IgorFrankensteen's photo
Thu 11/30/17 08:02 PM
Complicated.

First off, I think you have a couple of possible mistakes here:
"I recently was listening to a leadership audio, with a leadership 'trainer' who basically was speaking about how to help leaders learn about humility, but then he went on to say humility cant be faked, which to me implies it is a natural trait that someone either has or they do not. "

One is, that any behavior or attitude (or characteristic) can be faked, including humility. I've seen humility faked MANY times. Mainly by egotistical males who want to make headway with females who say they like a guy with humility. You put sex at the goal line, and most guys at least, will head straight for it, no matter what stunts they think they have to pull. MAYBE the intention was to say that for humility to be a positive trait, it has to be real.

I also think you drew an erroneous conclusion. I don't think everything has to be there from birth, or be faked. Some traits or characteristics can be learned, or otherwise acquired. Humility in particular is one of those. Acquired humility, at least the "flavor" of acquired humility that I personally support, is where the self-confident person comes to recognize both the limits of their abilities, and even more important, learns that no matter how talented or capable they are, that they are never inherently superior to anyone else, never more important to humanity than any other individual.

Another word for it is PERSPECTIVE. Perspective can always be acquired, if the person doesn't use their ego to block their own brain.

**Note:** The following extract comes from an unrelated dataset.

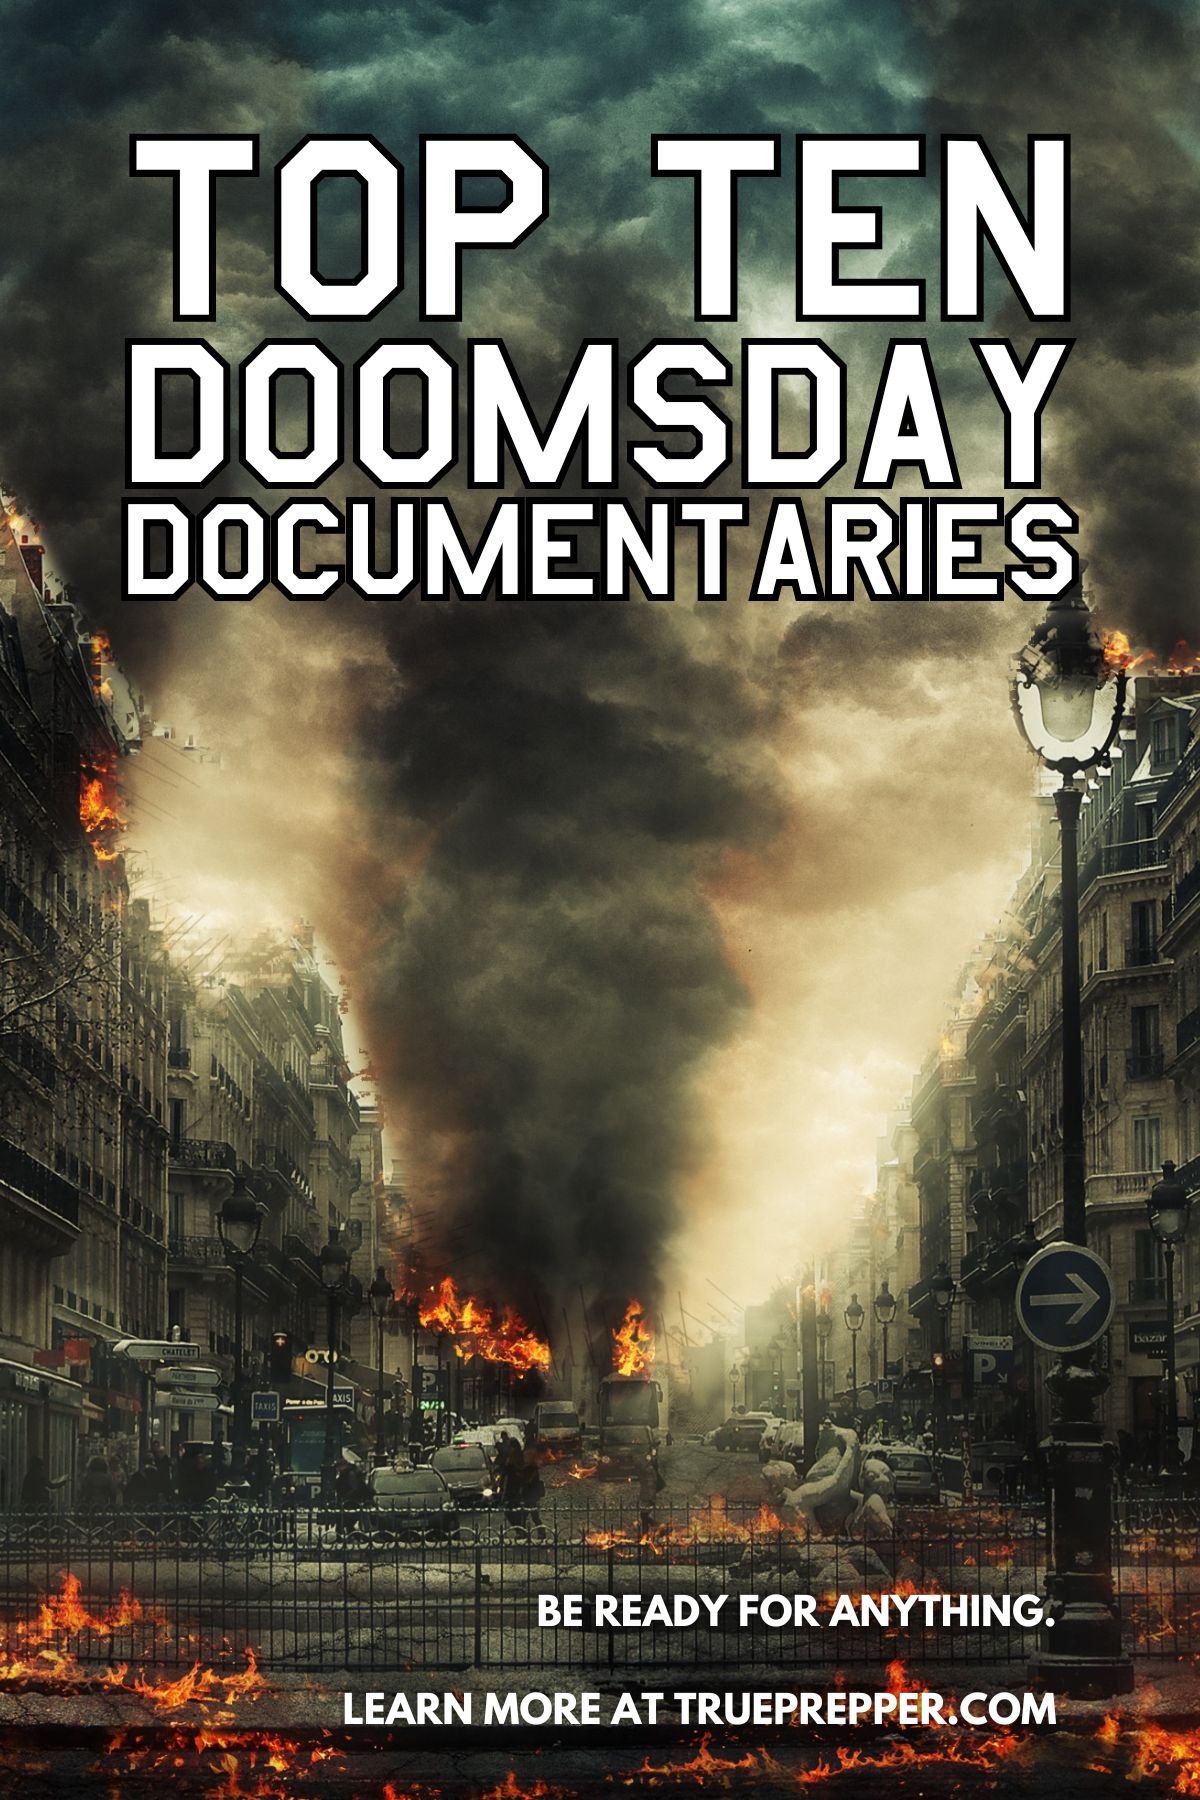 Top 10 Doomsday Documentaries

All that aside, where I am personally convinced that people are either "born that way or not," is limited to human body mechanics. Specifically, brain chemistry is controlled mechanically in the body, which is why different people react emotionally in different ways to the same stimulus, even before life experiences begin to influence their judgments. In some extreme cases, a person can be physically incapable of feeling one emotion or another, because the brain structure and chemical function isn't present to do so, or is impaired by defect. This is why brain injuries can result in large emotional shifts in a person.

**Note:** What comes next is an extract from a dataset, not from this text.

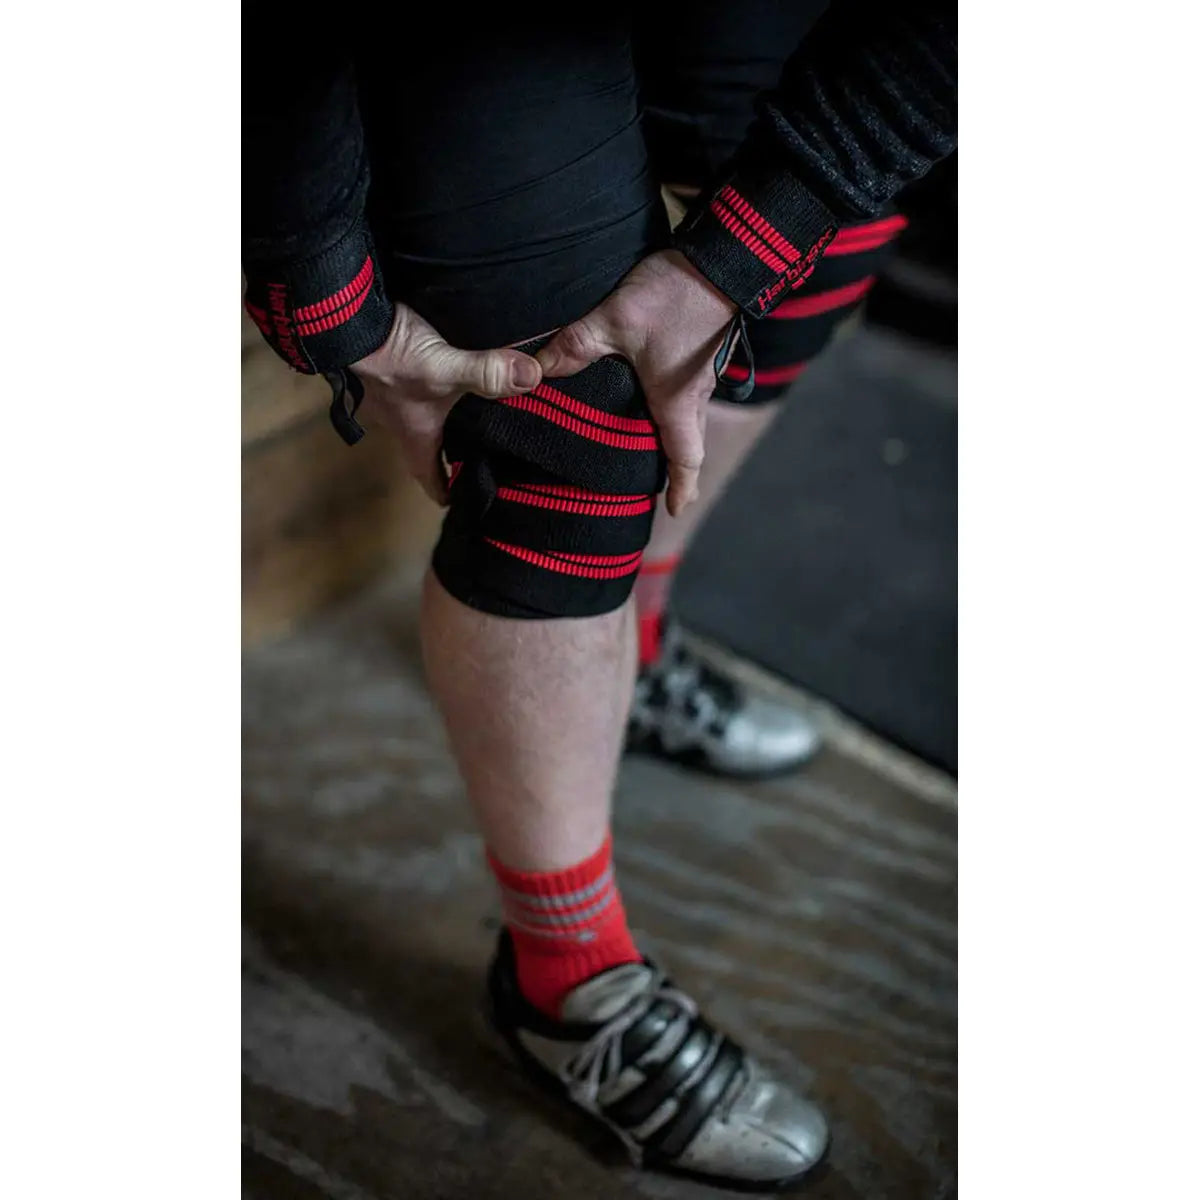 Harbinger Red Line Knee Wraps - Black Harbinger

If we just stick to reasonably biologically normal people, we get to the next complexity level. There's more than one reason for someone to try to fake a positive characteristic. The obvious reason is to fool someone else, to gain their favor. But there is also a huge market (so to speak) in the "fake it till you make it" approach to DEVELOPING positive habits, traits, and life characteristics.

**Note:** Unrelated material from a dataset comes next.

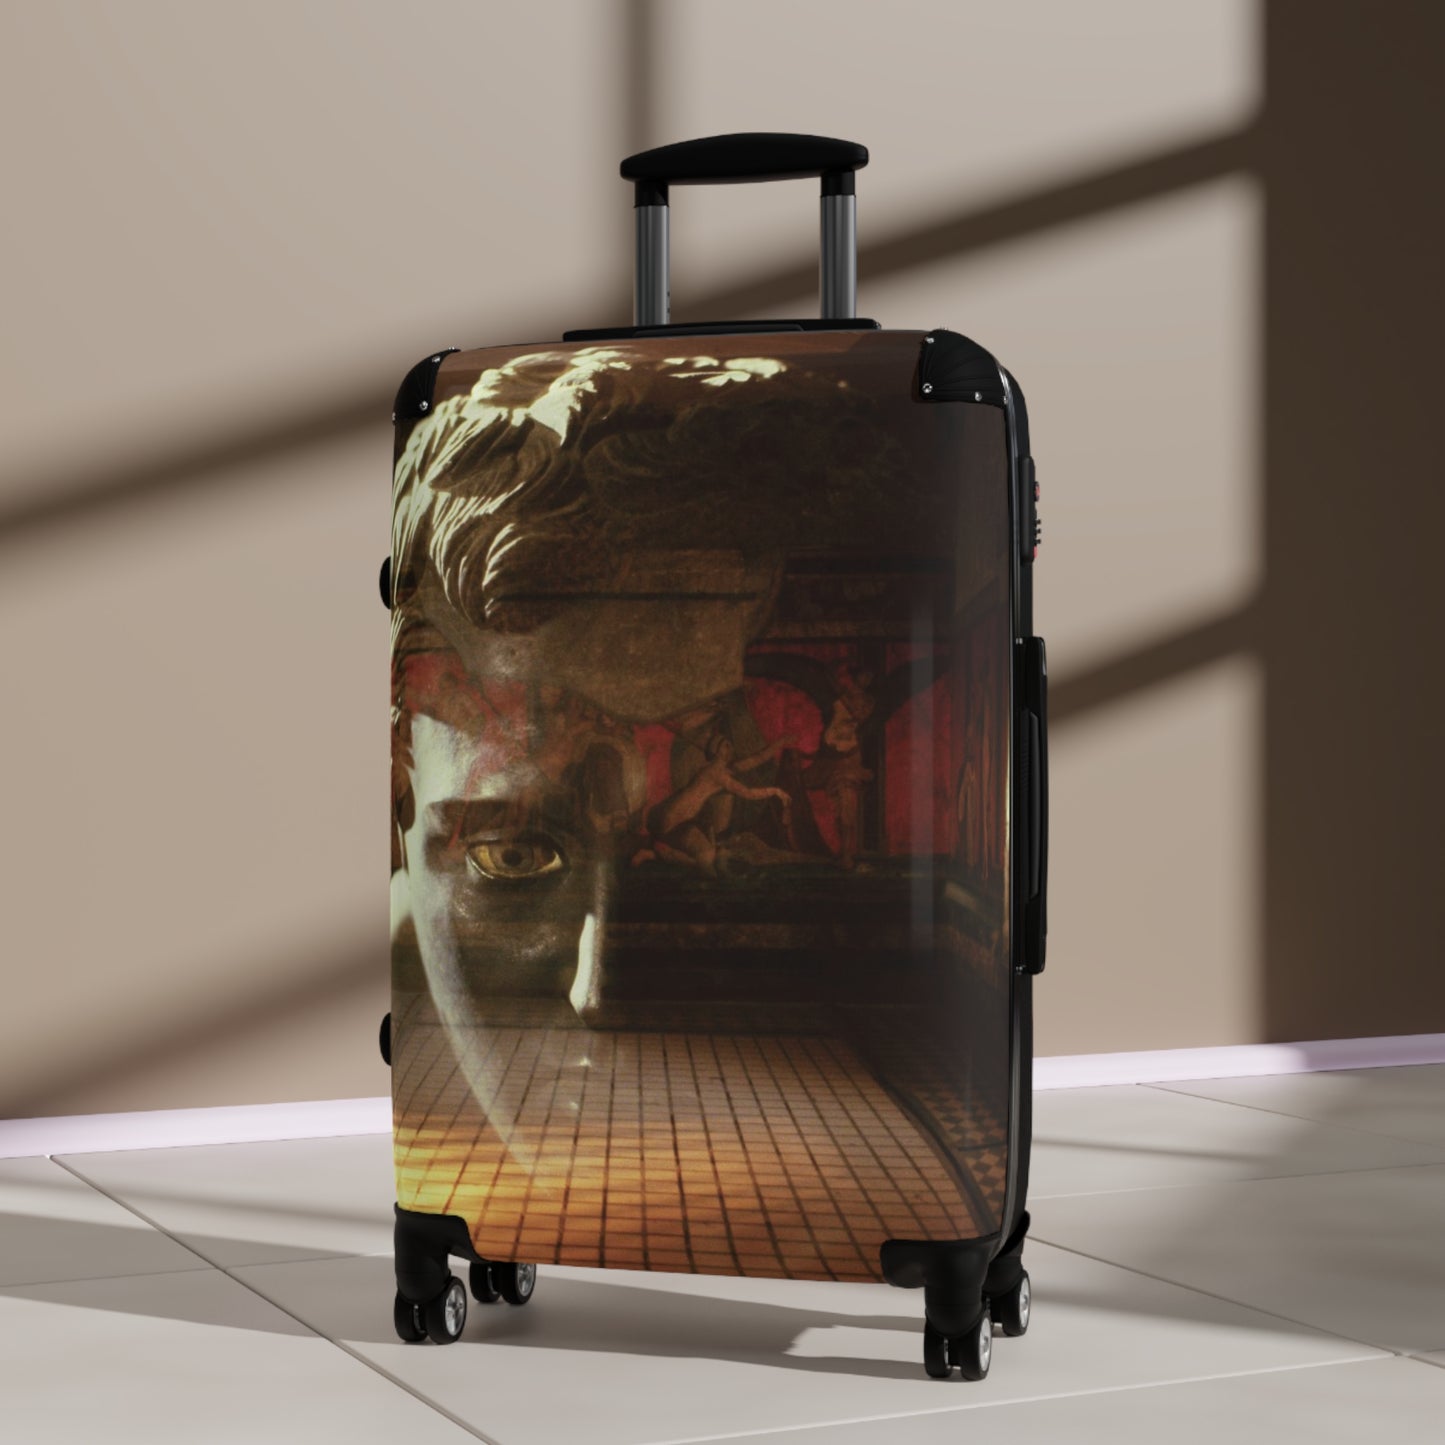 The Villa Dei Mysteries Luggage

One of the things I had to change in myself in this way, was my tendency to melancholy. In order to try to become more generally positive, especially in public, I taught myself to have a positive "resting face." That was one part of the development. The other big part, was disciplining myself to seek out the possible POSITIVE aspect of anything that struck me as negative about my life. Looking for silver linings or up sides, so to speak. This is the kind of "faking" that doesn't require a successfully fooled observer, because the reason for faking is not to fool anyone at all. Not even myself.

Faking, or at least "enhancing" one's positive traits, is intrinsic to dating for the vast majority. That's why society in general, has always at least strongly hinted or advised people in pursuit of true love, to take their time dating, before doing a lover's leap of any kind. Since almost everyone IS acting their best (one way and another...players-best has different goals and techniques) during dates, the only way to see what someone's REAL core character is, is to witness their behavior under a wide variety of situations and conditions.

One of my favorites, is to observe how the person behaves towards people who are officially their inferiors, or who are socially not there to be pleasing to. Such as wait staff in restaurants, sales clerks, and so on. Someone who is the epitome of politeness to official equals and superiors, isn't impressive to me. Unless they are also that way with the "peasants" as well, no matter how nice they treat me, or my mom, or my friends, or their boss, if they are callous towards "little people," they've proven that their "positive traits" are limited in scope.